After an obsessive amount of internet searches of self-proclaimed Biohackers, I was led very rapidly down a wild rabbit-hole (or a hare-hole if you like), by Dave Asprey the alleged “father of biohacking” who strives to live until 180 by “aging backwards”. Asprey has written five books encouraging readers to ‘upgrade’ their health and released several spin-off products such as blue light-cancelling glasses for better sleep, bulletproof coffee and opened the world’s first Biohacking Facility which promises to “train cells” more efficiently than ever before. I found myself listening to an obviously successful businessperson using marketing jargon to explain concepts of fundamental cell biology that simply did not make sense to me. Asprey promotes the use of stacking his unvalidated, expensive technologies together such as cryotherapy, light therapy and atmospheric cell training to “supercharge your body and upgrade your brain”. Hmm… suddenly, the world of biohacking got weird and so too did my YouTube video recommendations. Having used his own weight-loss journey as evidence for his lifestyle advice, Asprey’s use of the term Biohacking aligned itself more with the next fitness craze for gen Z YouTubers rather than the democratisation of science for the people. There are also ample claims of how Asprey biohacks his brain for better professional and everyday performance. Asprey repeatedly uses his personal experimental health procedures to broadcast his taking charge of his own health. Sure, if you have the money to pay a surgeon for an elective removal of stem cells from your bone marrow to inject it into your face, hair follicles and penis (seriously!) – go for it. No real harm to mankind can come from it… I suppose. However, is this really the goal of future synthetic biology? To kick-ass (as Asprey likes to say), live forever and reverse aging?

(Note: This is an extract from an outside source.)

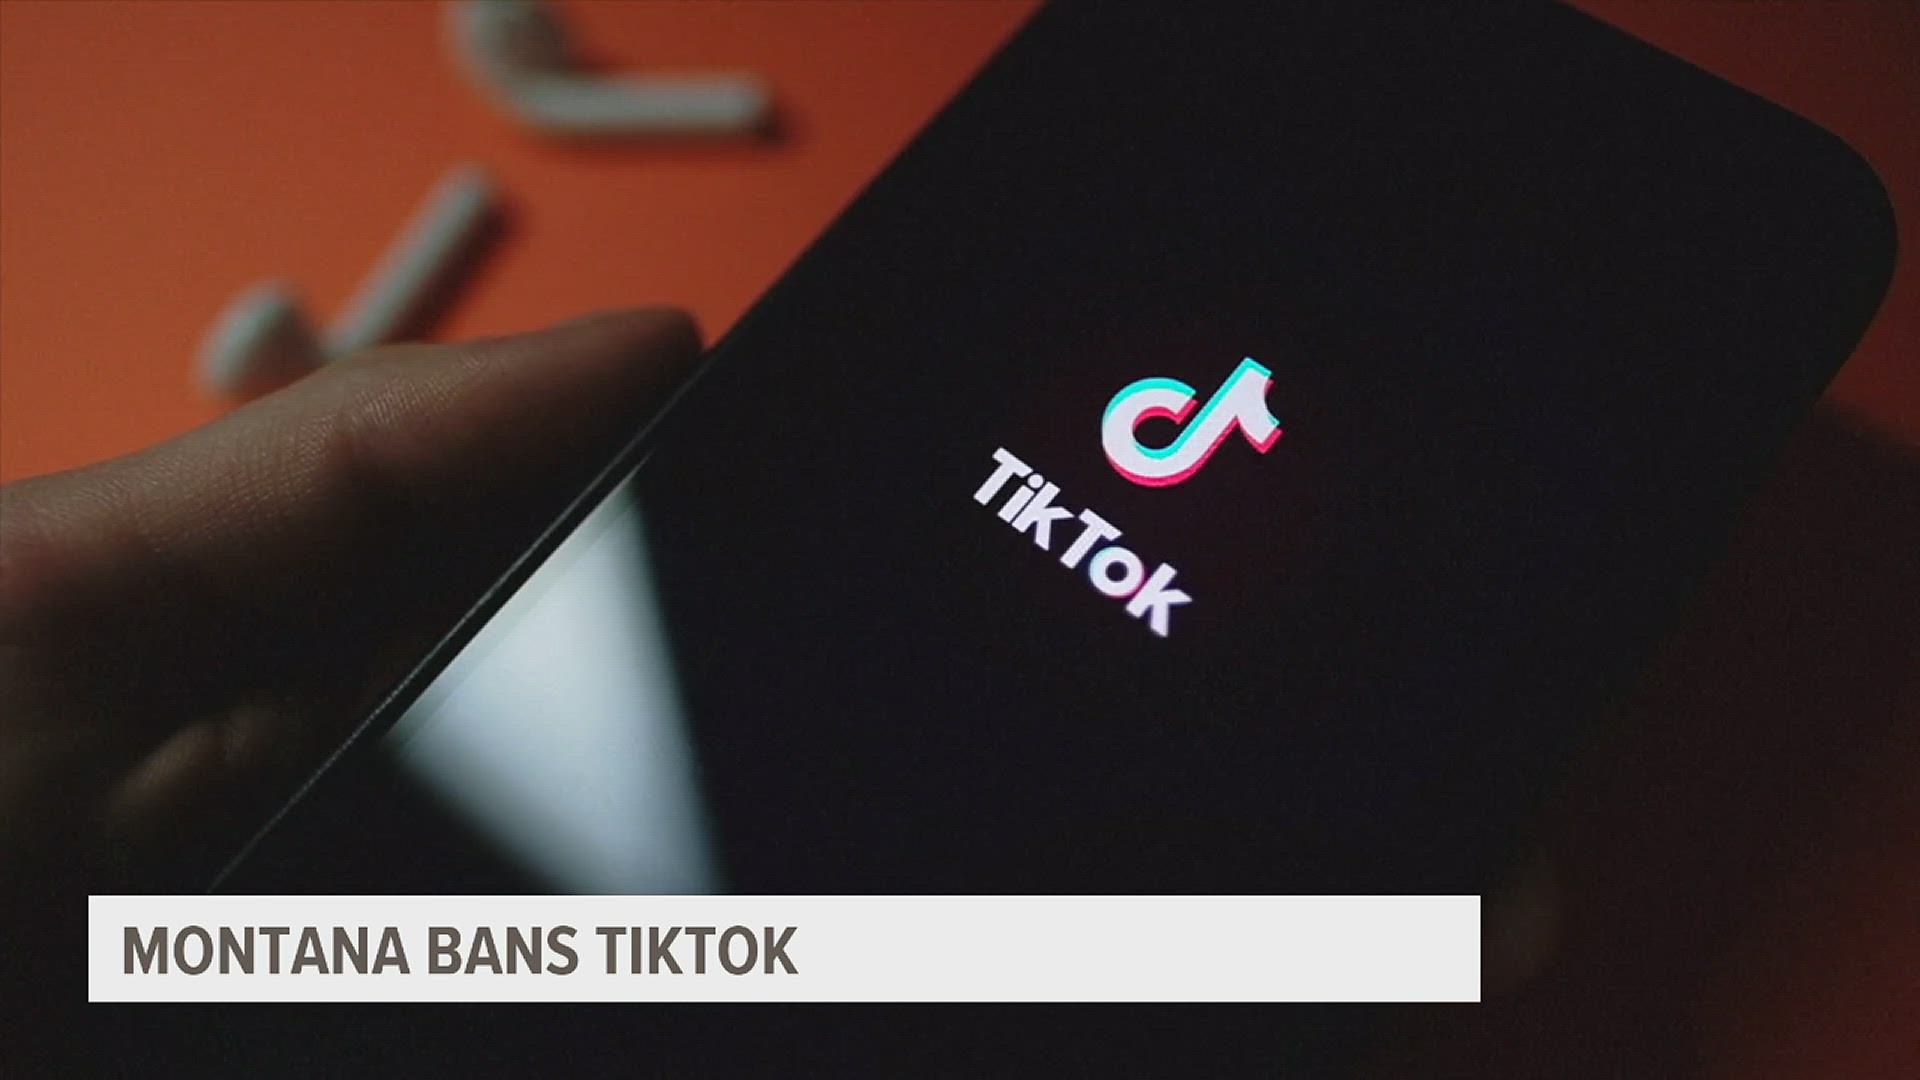 The State of Montana has banned TikTok, citing security concerns over intelligence gathering through the application. Montana becomes the first state to ban the app.

The bright side of Biohacking
“It changed my life”.
One application of Biohacking that utterly inspires me is the Argus II (Argus retinal prosthesis), a retinal implant that treats blindness – a condition I thought was not at all treatable. This technology was recently approved under the humanitarian device exemption for market launch in 2013 and already offering hope to those losing their sight from macular degeneration, glaucoma, diabetic retinopathy and other eye diseases. Argus II uses feedback mechanism with a miniature video camera, which is housed in the patient’s glasses to capture a scene. The video is sent to a small patient-worn computer, where it is processed and transformed into instructions that are sent back to the glasses via a cable. These instructions are transmitted wirelessly to an antenna in the retinal implant. “It changed my life,” says Joe Vellone, 76, who for years watched his sight gradually deteriorate from age-related macular degeneration. The quality of life that this Biohack can provide the elderly is priceless. However, the price tag for the Argus II is unfortunately not, costing patients around $150,000 USD for the device alone, never mind the cost of surgical implantation and maintenance.
To sum it up…
Combining know-how from nature and new technologies with the intention to improve human health is no doubt a worthy application of our synthetic biology resources. The down-to-earth approach to science, that biohacking spaces such as Genspace, BioCurious and Biologi Garagen provide, is widely appealing and bound to make some traction in entrepreneurial circles. The grassroots atmosphere which these spaces create is a huge plus to encouraging more citizen science. Biohacking in this sense will increase exploration of bio-ideas for commercial exploitation, collaboration with academia or just for fun. However, while these spaces provide the democratisation of science in order to facilitate new technologies (particularly in healthcare), I am skeptical about who will be able to access these advances once released to market. The price-tag associated with bio-hack health “upgrades” (such as the Argus II) is not cheap. It is my hope that innovations in synthetic biology will serve all of mankind – not just those with deep pockets and a desire to self-biohack.